Task brief: Would you print out all of the data exactly and keep the pictures out of it?

Information shown:

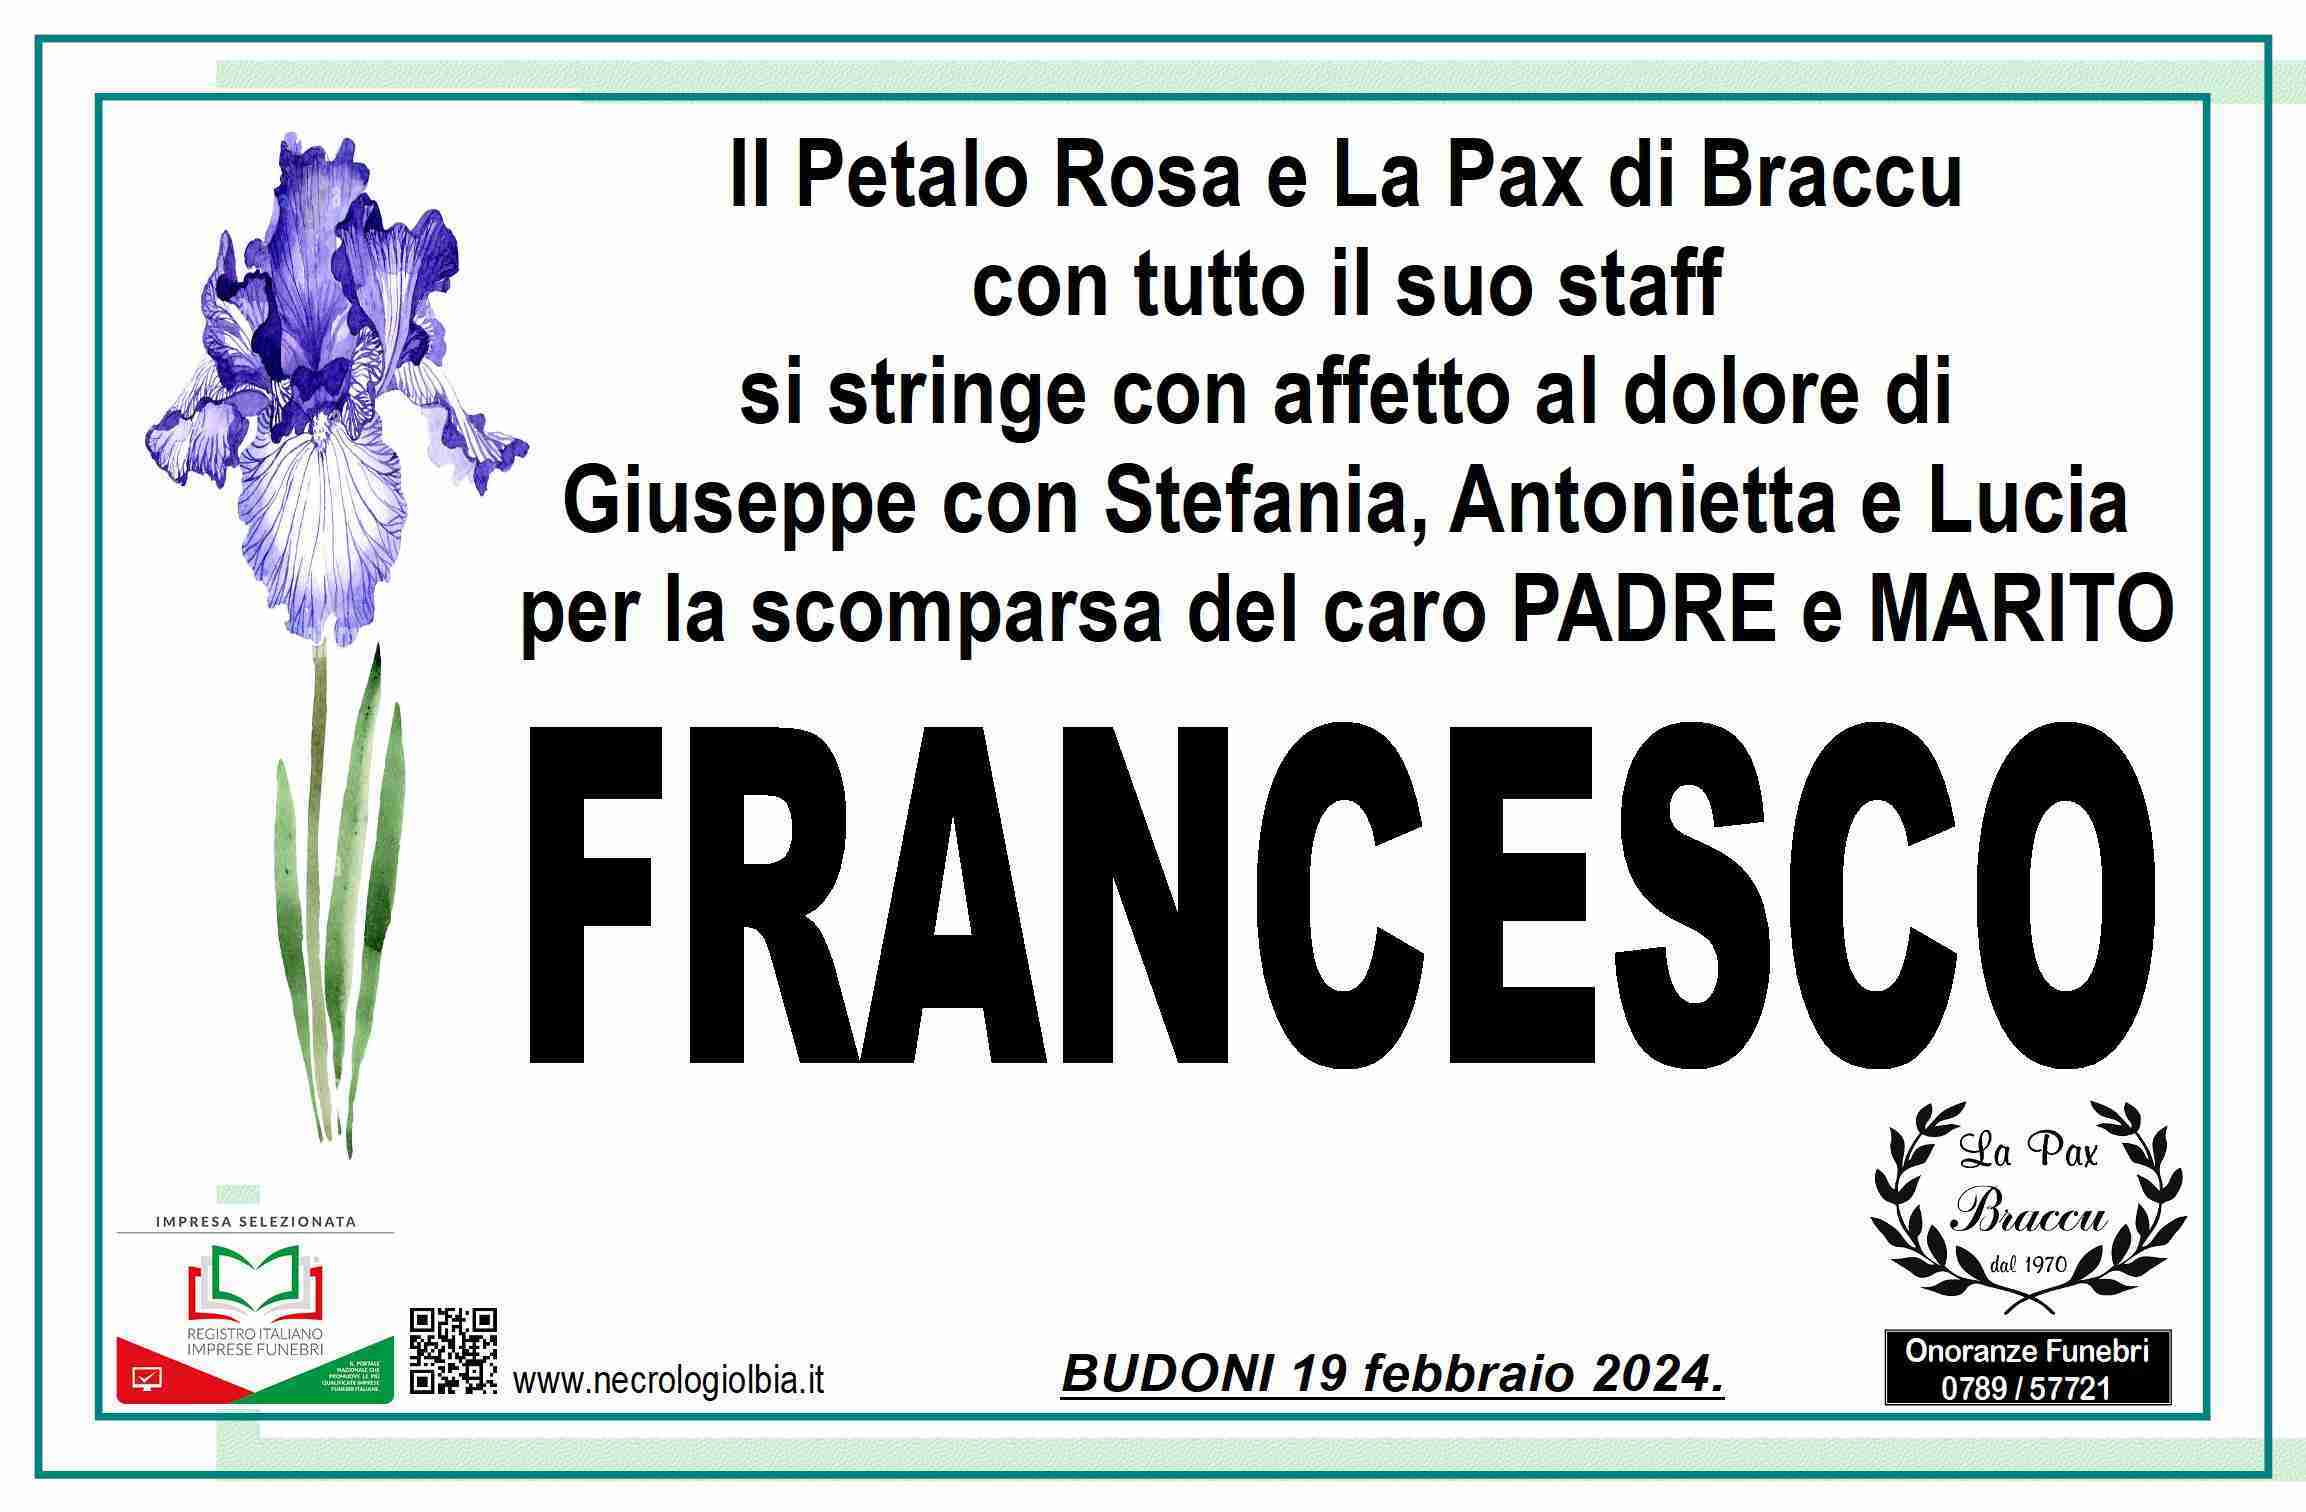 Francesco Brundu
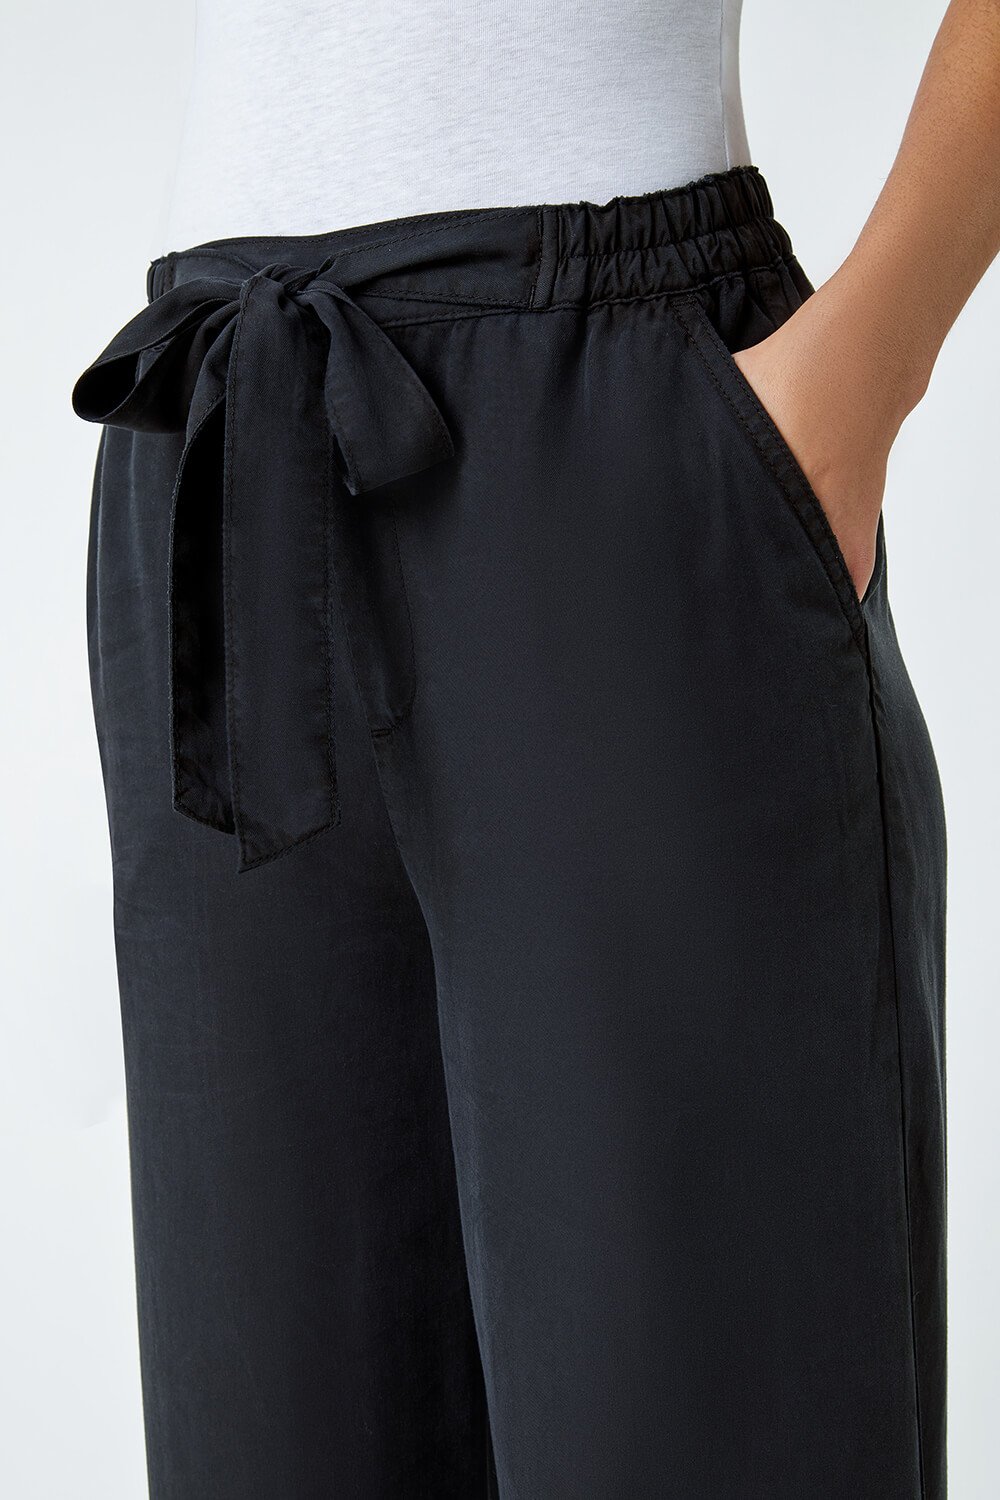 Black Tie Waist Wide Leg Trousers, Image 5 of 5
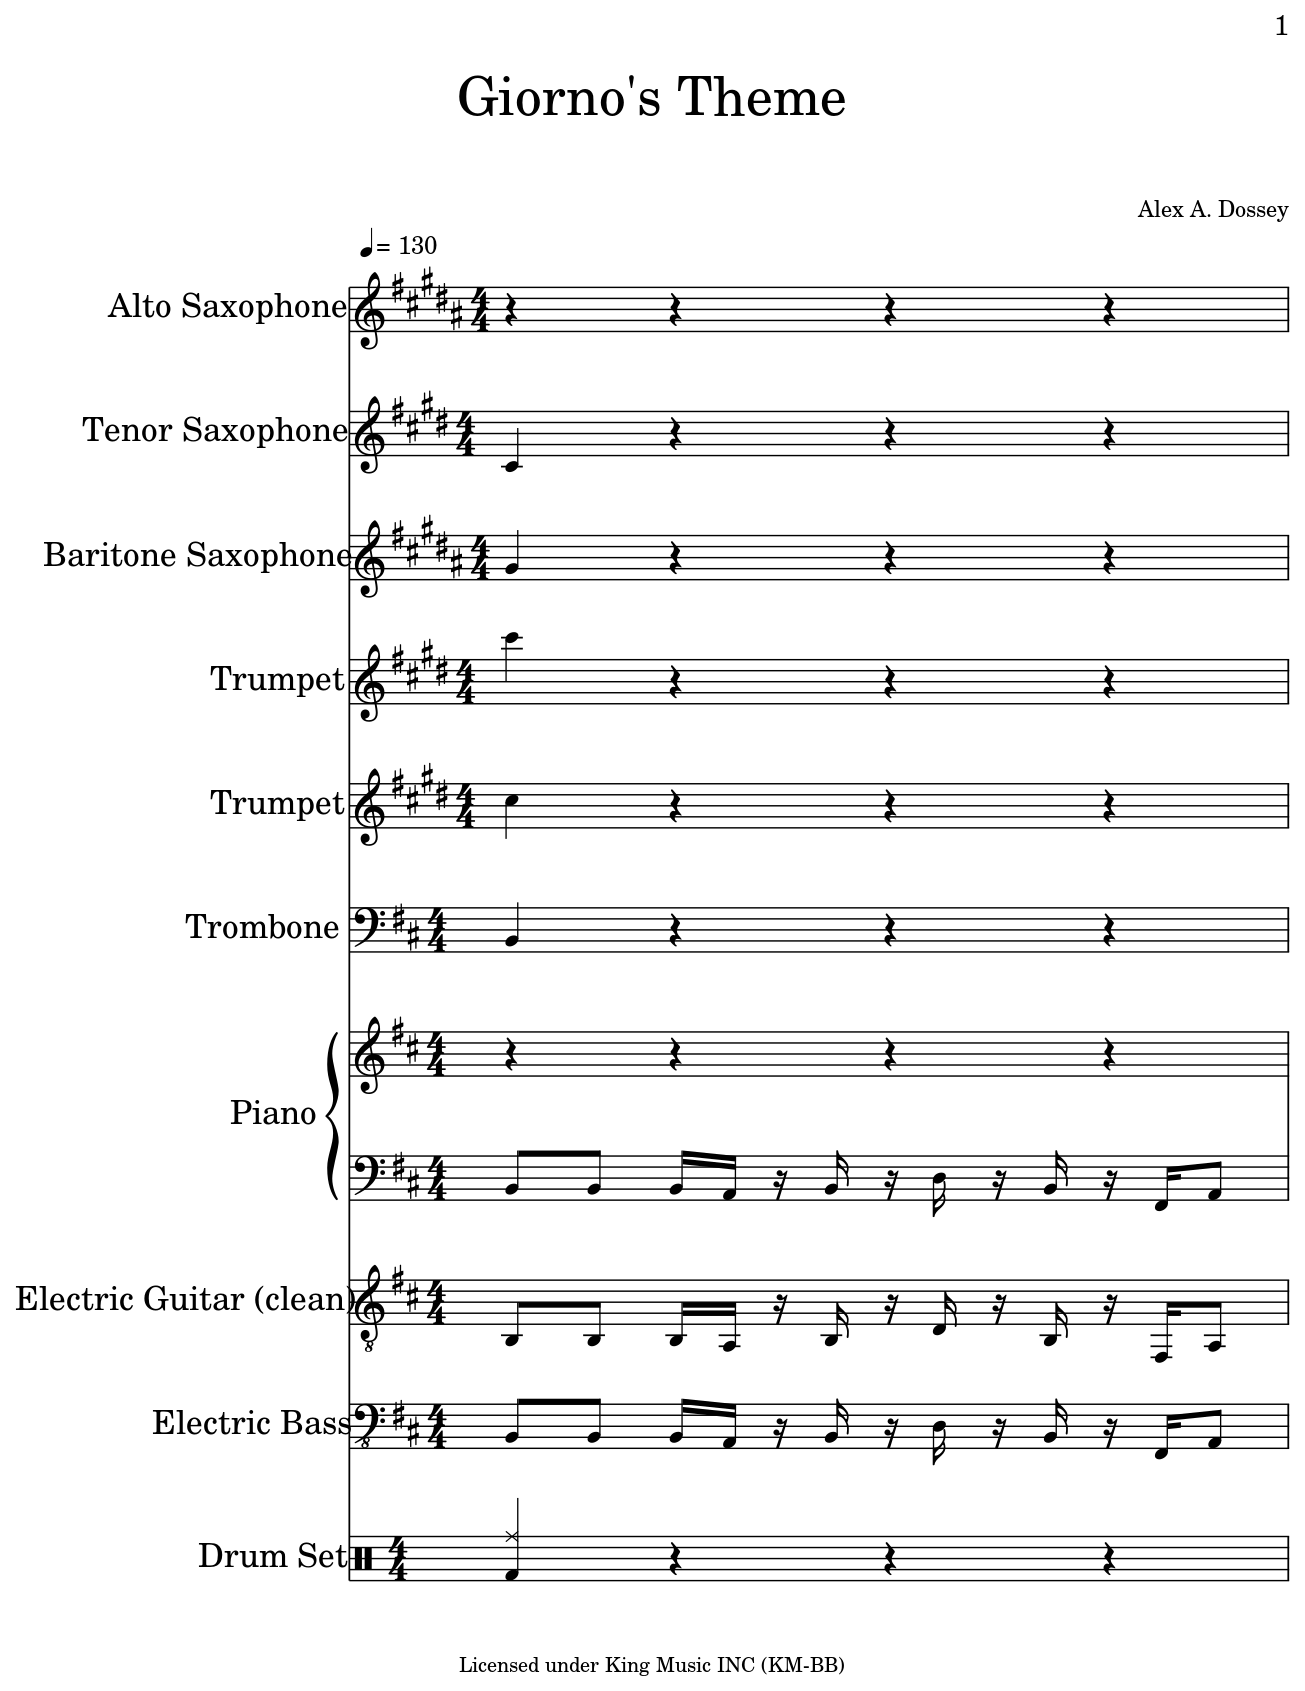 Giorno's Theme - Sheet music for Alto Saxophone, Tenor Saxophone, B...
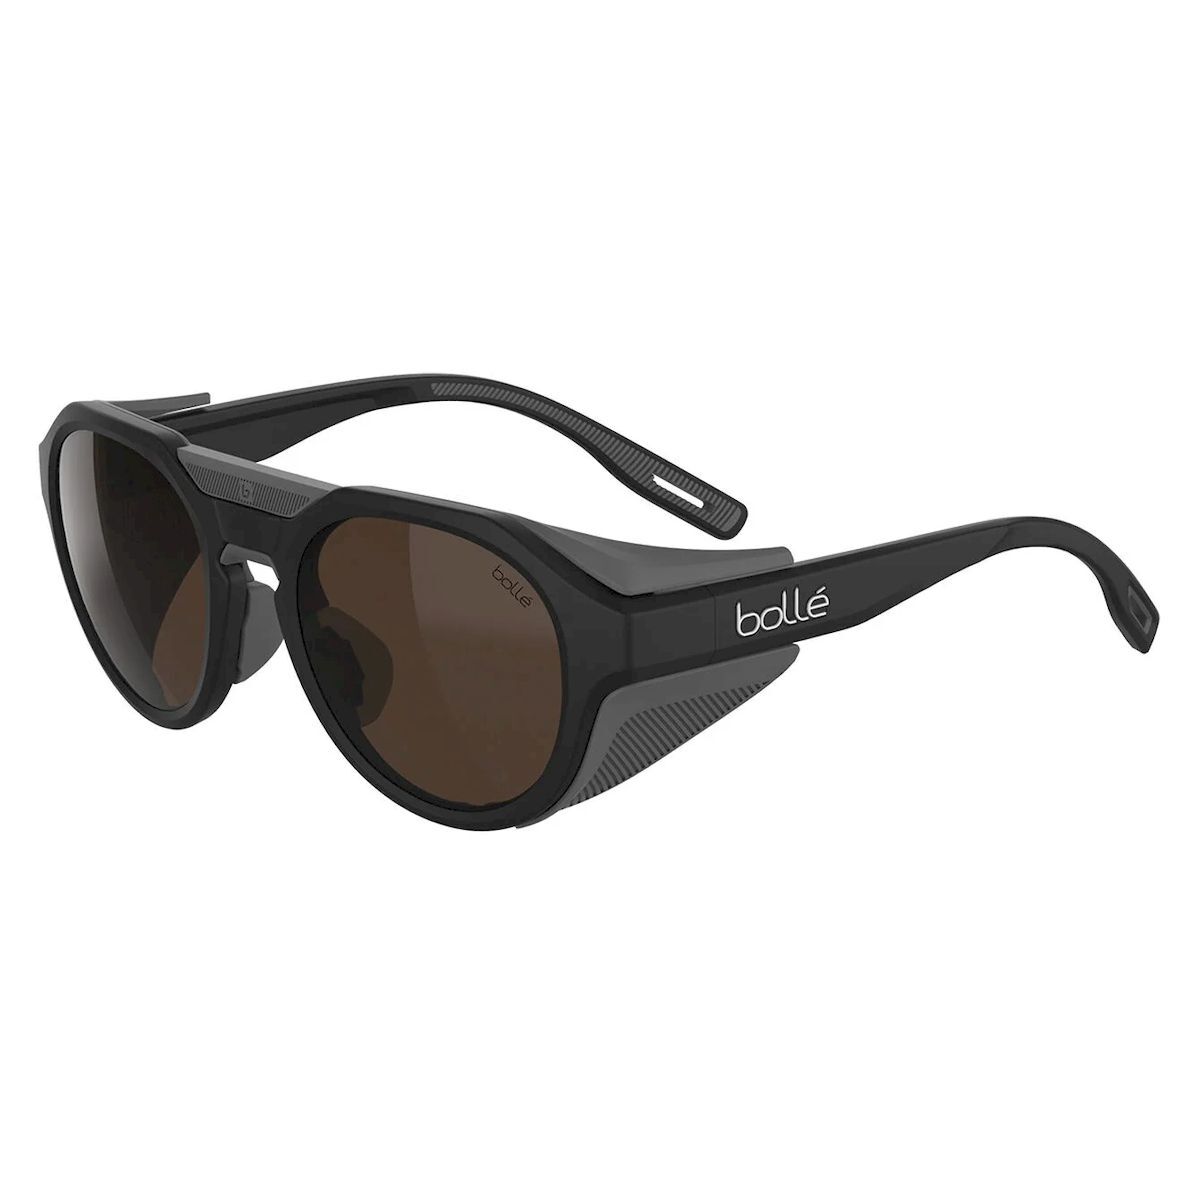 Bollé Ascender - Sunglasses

Problem solution:
 Francesco Brundu
 Black Tie Waist Wide Leg Trousers, Image 5 of 5
 Giorno's Theme - Sheet music for Alto Saxophone, Tenor Saxophone, B...
 Bollé Ascender - Sunglasses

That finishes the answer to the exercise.